2. Do I have to own and keep a share/stock certificate to remain in a DRIP?
Not if you don't want to. A share certificate is simply a paper issued to represent ownership of X number of shares to a shareholder, so it is valuable. To remain in a DRIP, you must own at least 1 share, so if you holder more than 1 share in "Book Format" (AKA your DRIP holdings) then you can sell/transfer the share certificate to someone else.
3. Why doesn't XYZ Corporation offer a DRIP and/or SPP?
I don't know, but there could be a number of reasons. There are hundreds of U.S. companies that offer DRIP/SPP plans, but only a few dozen Canadian companies. Best thing to do is go to the Company's website, locate the "Investor Relations" section and call/write them to ask why. Here are some companies to write to ask them to add a DRIP/SPP. Why Not check out also the answers I've received to my requests.
4. If I DRIP and/or OCP, do I get taxed even if I don't receive any divdends in cash?
Yes, since DRIPs run by the Transfer Agents are not in a Registered (RRSP, RESP, TFSA, etc..) account. You will receive a tax slip (T-3s or T-5s) for each company stating the dividends/distributions you received for the year and you'll enter this in your tax return.
Some companies are directing the Transfer Agents NOT to mail out slips for annual dividends received less than $50. These companies are: Scotiabank, Fortis, National Bank, BCE, Manulife, SunLife.
5. How do I transfer or sell 1 share to someone else to allow them to start DRIPing?
There are 2 ways to do a transfer. First with a share certificate, on the back is a form which you would fill in with the transferee's(Buyer) name & address, and then get it Signature Guaranteed as you sign it. Second, if you own shares through a DRIP Plan you can transfer 1 share (or more) from your plan holdings using a Transfer Form. This is basically the same form as on the back of a certificate, but you would have to fill in the company's name. This would also have to be Signature Guaranteed.
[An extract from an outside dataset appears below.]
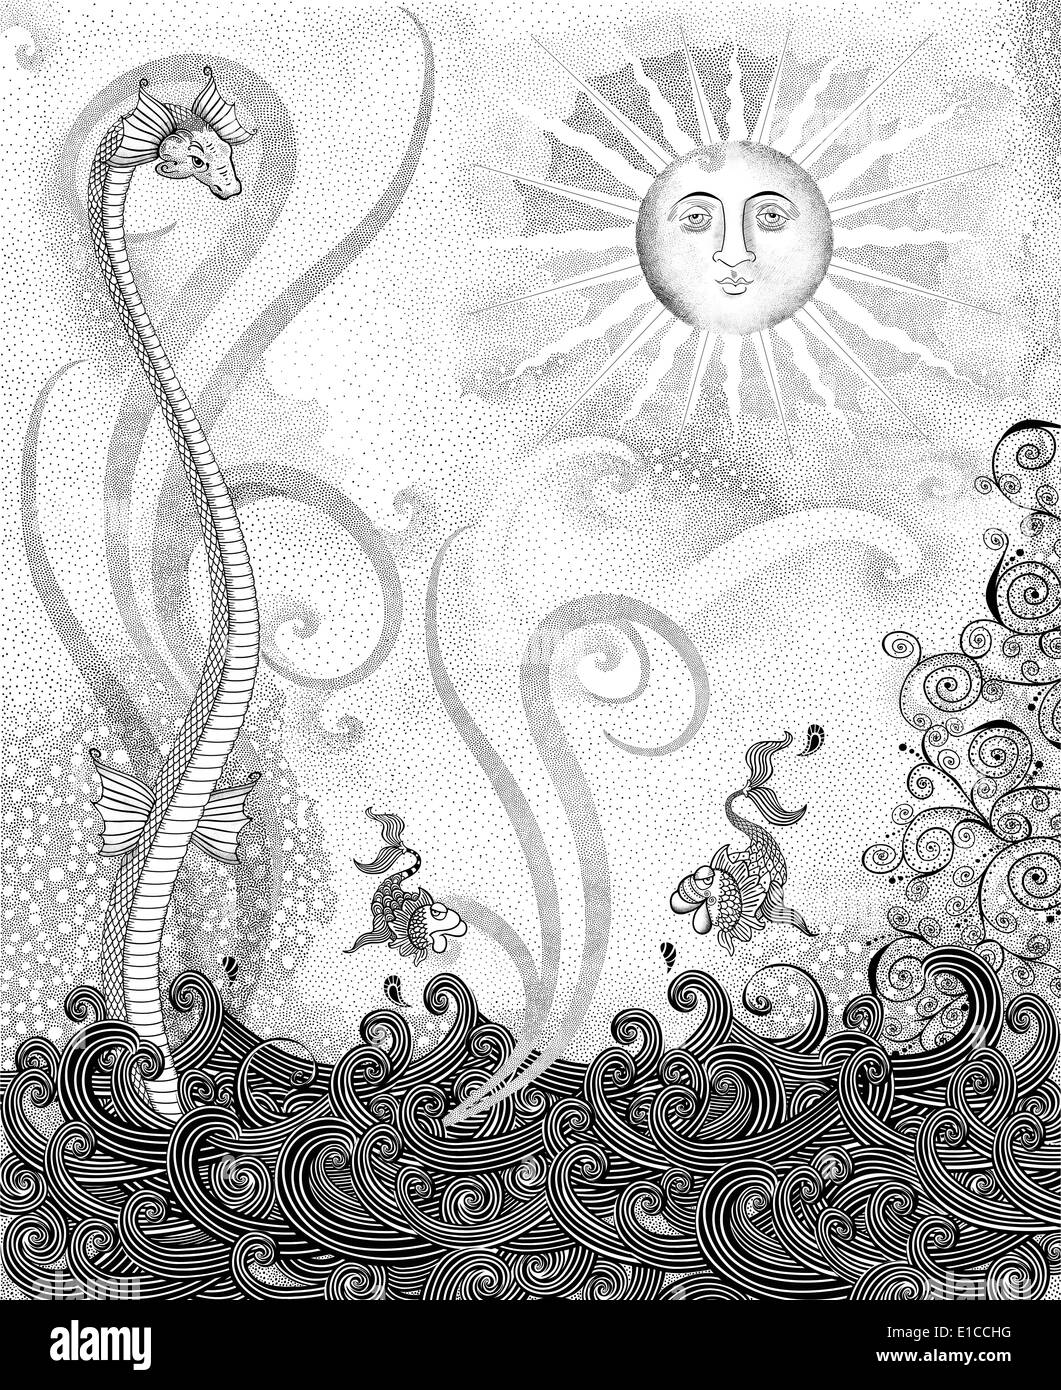 Fantasy ink drawing of sea creatures and a sun face Stock Photo

It's highly recommended to give the transferee a letter written by you to the Transfer Agent stating you want 1 share transferred FROM your DRIP holdings to the Transferee.
Then, in both cases the Certificate or Form is mailed to the Transfer Agent to register the Transfer, and a NEW certificate with the Transferee's name on it would be mailed out.
6. Can I DRIP inside my RRSP, RESP or Tax Free Savings Account (TFSA)?
Not in the same, simple manner described on the DRIP Primer, since they are taxable holdings (see Questions #4 & #10). But there are other ways, you have 2 options:
A.) The easiest would be choosing a Canadian discount broker that offers a Synthetic DRIP. Read Question 10 below if you don't know what that is. Then buy shares within that account that the Broker will DRIP for you, and ask them to do so.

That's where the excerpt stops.